Ferenc had long lamented to his family that, during the 10 years he lived in Germany, no one apologized for the actions of the Nazis. But on his 100th birthday, an email arrived in his inbox that he was suing.

It was a “very poignant and moving letter of remorse” that expressed “deep gratitude and appreciation for my father’s life’s work,” Ferentz’s son, Don, said.

“My father was very impressed by it,” he added.

Ferenc replied to the message the next day.

“It would be a more humane and peaceful world if everyone thought the way we do,” he wrote, according to a copy of the email shared with NBC News. “As I prepare to pass the torch, I am grateful to you and those like you who will follow my advice to ‘never give up’!

Over the years, Ferenc has received a boatload of awards and honors.

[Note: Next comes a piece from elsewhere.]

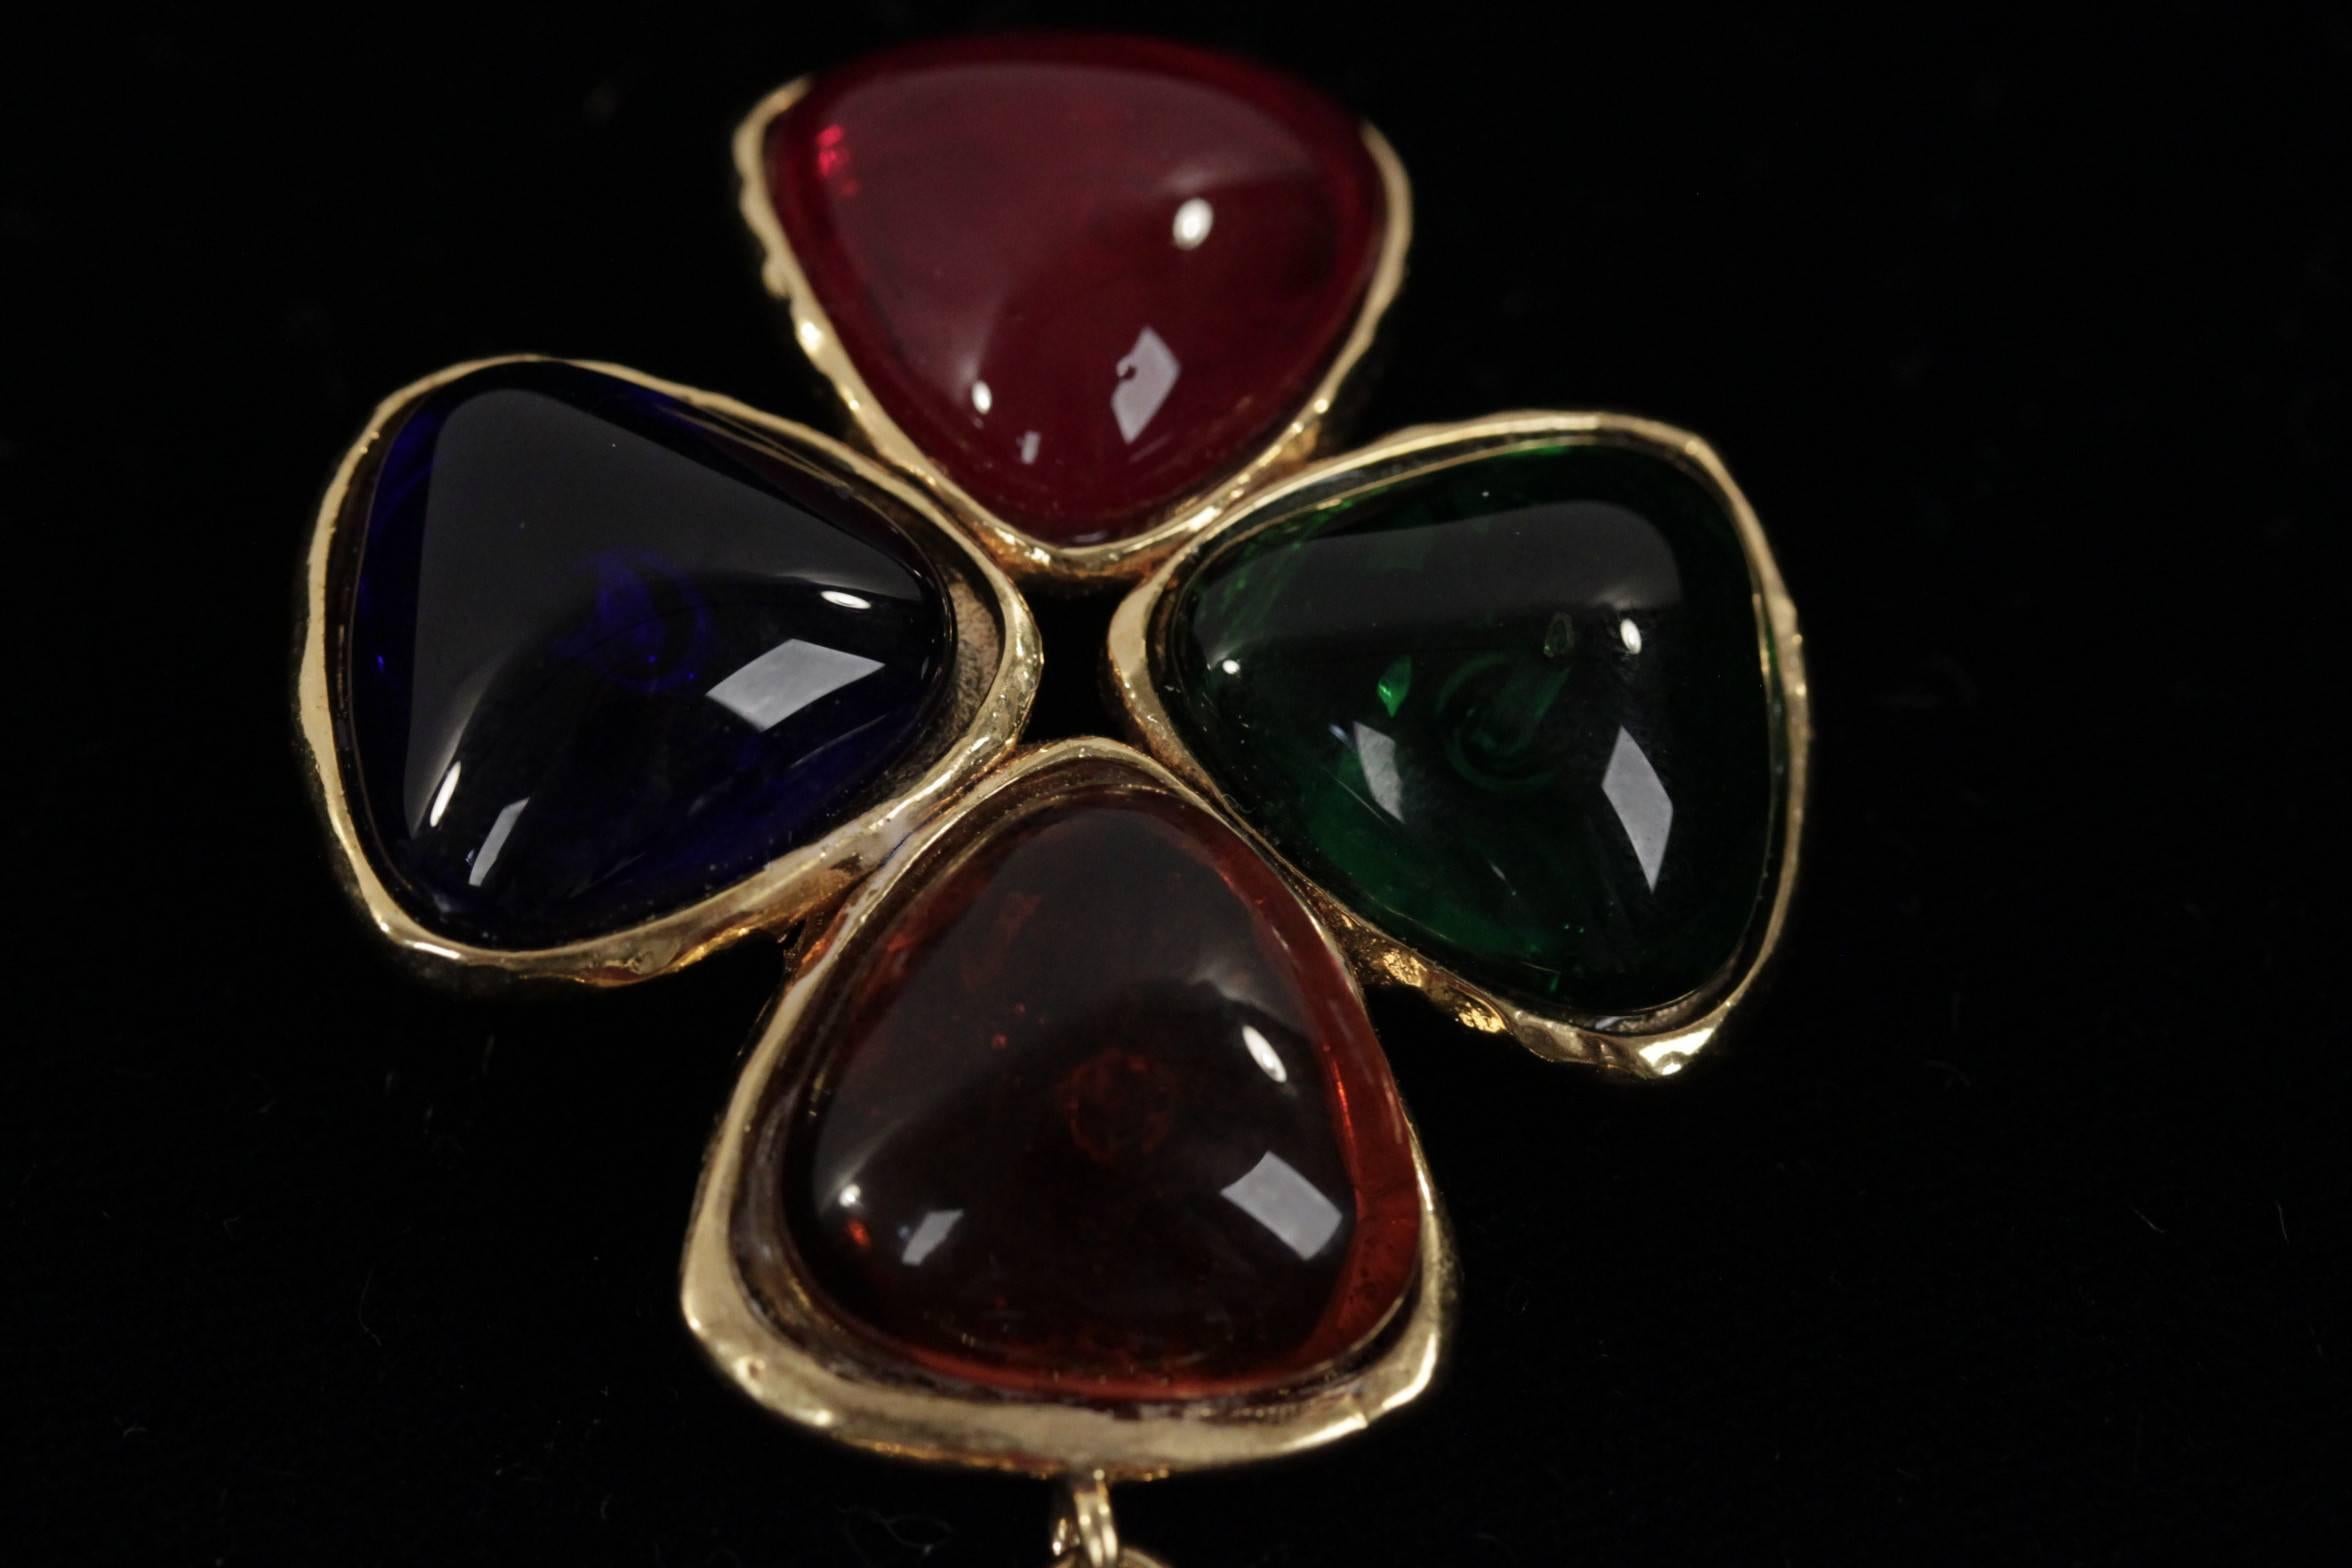  Gorgeous CHANEL Gripoix poured glass brooch or pendant. Brooch is finished in a shiny golden mounting, with multicolor poured glass cabochons. The central focus is the iconic clover - Hook on the back. This brooch is from the 1994 fall collection.

Most recently, he was selected to receive Congress’ highest civilian honor, the Congressional Gold Medal, in December.

Ferentz has donated millions to the U.S. Holocaust Memorial Museum and other organizations promoting peace, vowing to end his life the way it began as a “poor boy.” And he traveled the world in the 90s spreading his “law, not war” motto.

“I was lucky to live this long,” said Ferenc, who turned 103 in March. “I hope I’ve done something good in that lifetime.”